0xDEAFBEAD 3 hours ago | parent | prev [-]

The Python approach seems better for avoiding subtle bugs. TIMTOWTDI vs "there should be one obvious way to do it" again.

cedilla 3 hours ago | parent | prev | next [-]

What incompatible versions of pythons do you mean? I'm entirely unaware of any forks, and the youngest version I have to supply at the moment is 3.9, which is over 5 years old and available in all supported platforms.

superkuh 3 hours ago | parent [-]

Try to run any random python program of moderate dep use on your python 3.9 system interpreter without using containers. Most likely you'll have to use a venv or the like and setup a special version of python just for that application. It's the standard now because system Python can't do it. In practice, pragmatically, there is no Python. Only pythons. And that's not even getting in to the major breakages in point version upgrades or the whole python 2 to 3 language switch.

zahlman 2 hours ago | parent [-]

> Most likely you'll have to use a venv or the like and setup a special version of python just for that application.

Using venvs is trivial (and orders of magnitude more lightweight than a container). And virtually every popular package has a policy of supporting at least all currently supported Python versions with each new release.

You need to set up a venv because of how the language is designed, and how it has always worked since the beginning. Python doesn't accommodate multiple versions of a package in the same runtime environment, full stop. The syntax doesn't provide for version numbers on imports. Imports are cached by symbolic name and everyone is explicitly expected to rely on this for program correctness (i.e., your library can have global state and the client will get a singleton module object).
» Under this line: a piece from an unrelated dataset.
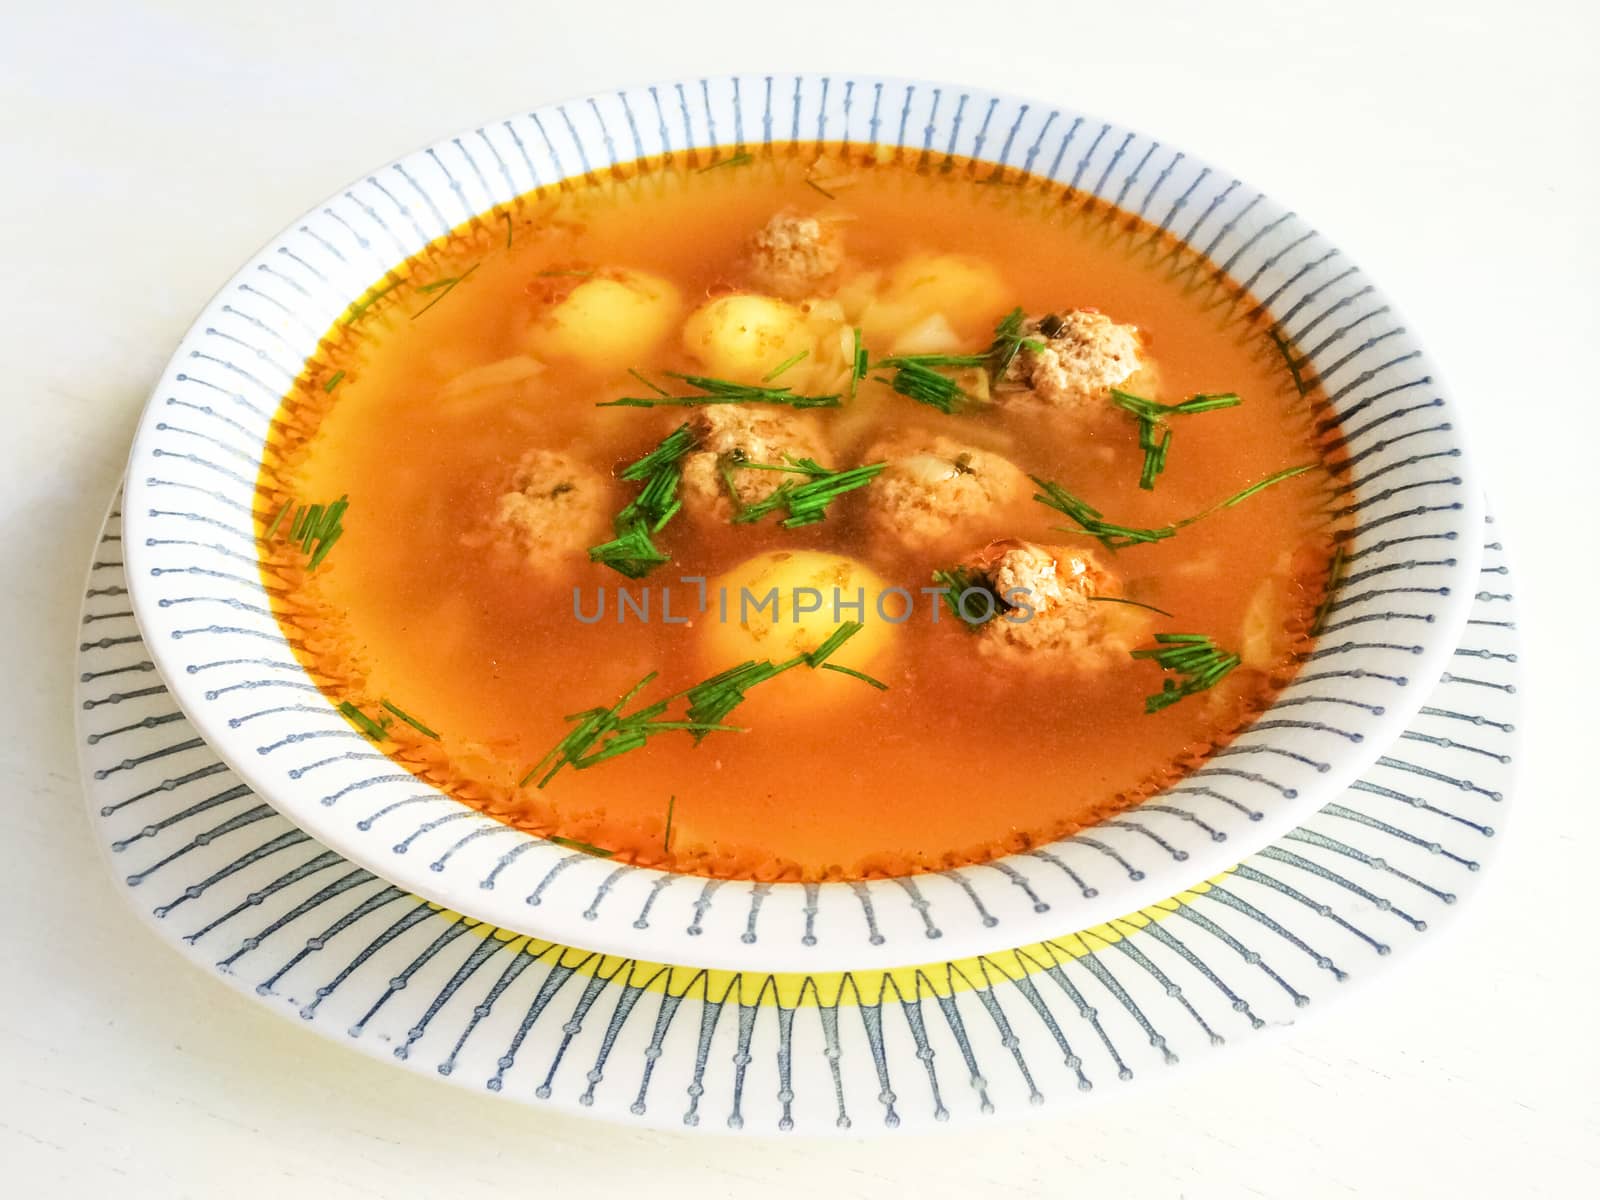 Tasty homemade soup with meatballs and potatoes.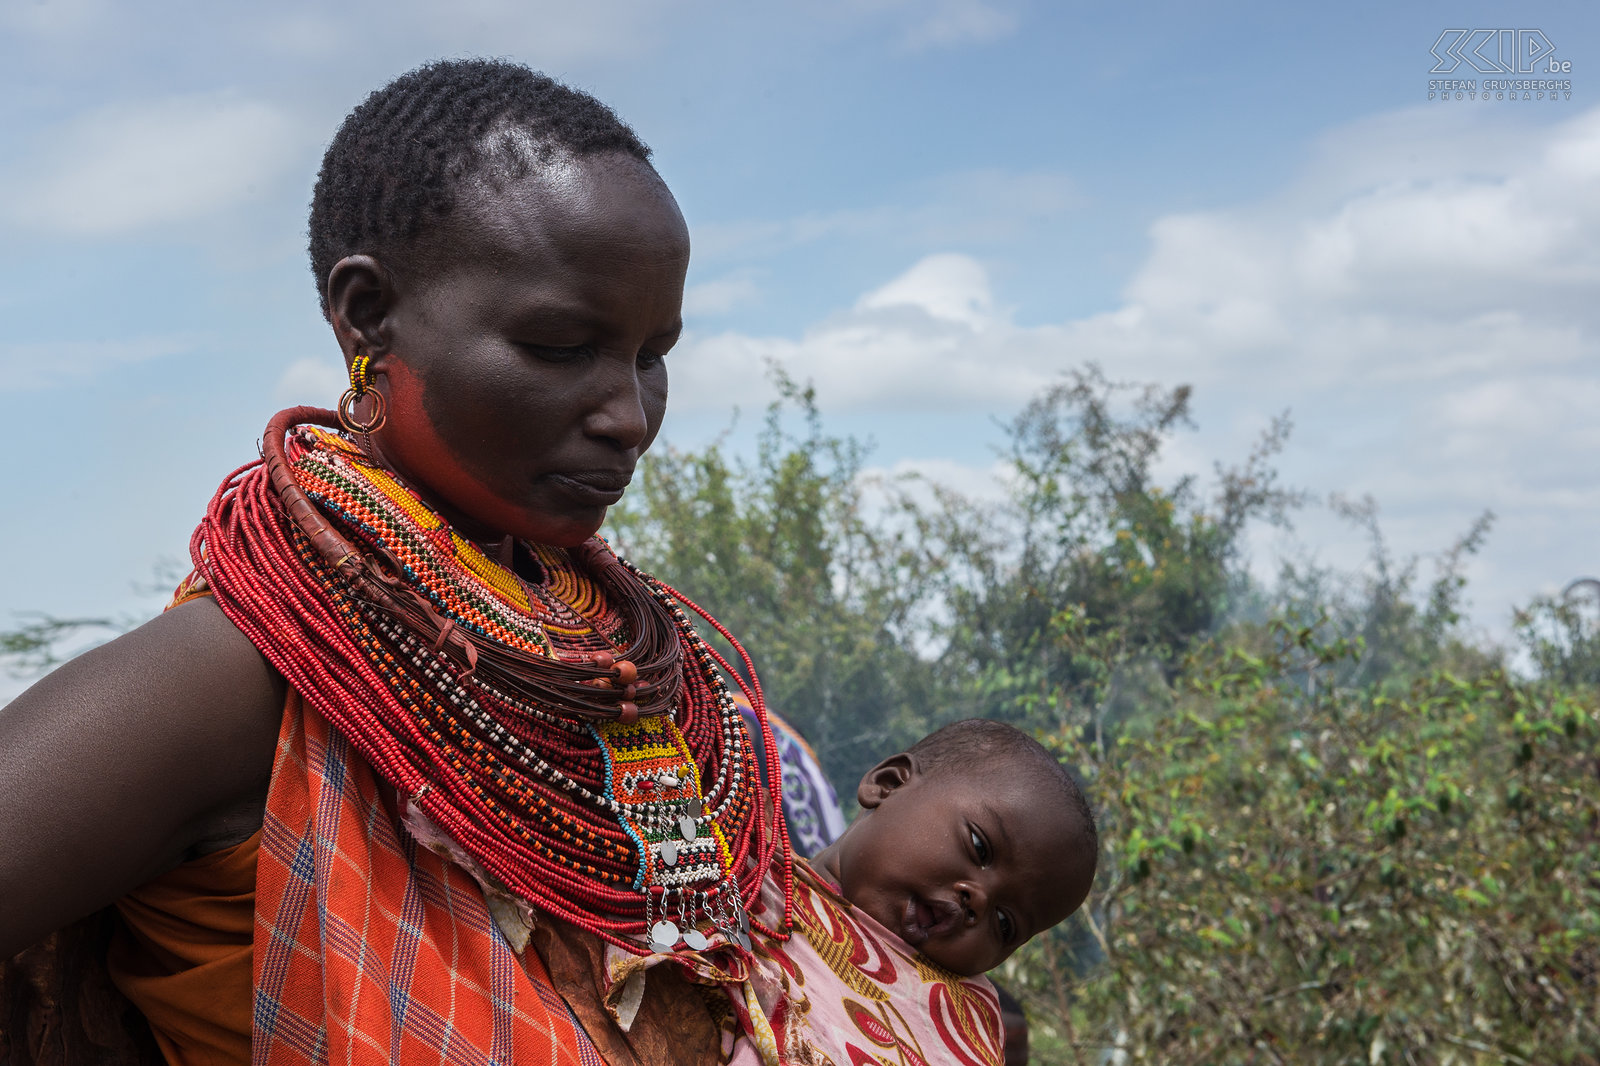 Kisima - Samburu lmuget - Woman with baby Mothers carry their babies in colorful cotton cloth tied round their waists or slung on their backs. Stefan Cruysberghs

People just didn't notice/care because the entire "ecosystem" concept didn't exist yet.

I have at least one local from-source build of every Python from 3.3-3.14 inclusive (plus 2.7); it's easy to do. But I have them explicitly for testing, not because using someone else's project forces me to. The ecosystem is just not like that unless perhaps you are specifically using some sort of PyTorch/CUDA/Tensorflow related stack.

> It's the standard now because system Python can't do it.

Your system Python absolutely can have packages installed into it. The restrictions are because your Linux distro wants to be able to manage the system environment. The system package manager shouldn't have to grok files that it didn't put there, and system tools shouldn't have to risk picking up a dependency you put there. Please read https://peps.python.org/pep-0668/, especially the motivation and rationale sections.

> major breakages in point version upgrades

I can think of exactly one (`async` becoming a keyword, breaking Tensorflow that was using it as a parameter name). And they responded to that by introducing the concept of soft keywords. Beyond that, it's just not a thing for your code to become syntactically invalid or to change in semantics because of a 3.x point version change. It's just the standard library that has changes or removals. You can trivially fix this by vendoring the old code.

keepamovin 3 hours ago | parent | prev [-]

My language learning trajectory (from 10 years old) was 8086 assembly, QBASIC, C, Perl, Java, MAGMA, JavaScript/HTML/CSS, Python, Haskell, C++, vibe coding

pomatic 3 hours ago | parent [-]

How old are you now? Mid fifties here. And 'vibe coding' in what exactly - it is not of interest from a programming perspective, but from a 'what does the AI know best perspective'? I've followed a similar, but not identical trajectory and now vibe in python/htmx/flask without needing to review the code in depth (NB internal apps, not public facing ones), with claude code max. Vibe coding in the last 6-8 weeks now also seems to make a decent fist of embedded coding - esp32/arduino/esp-32, also claude code.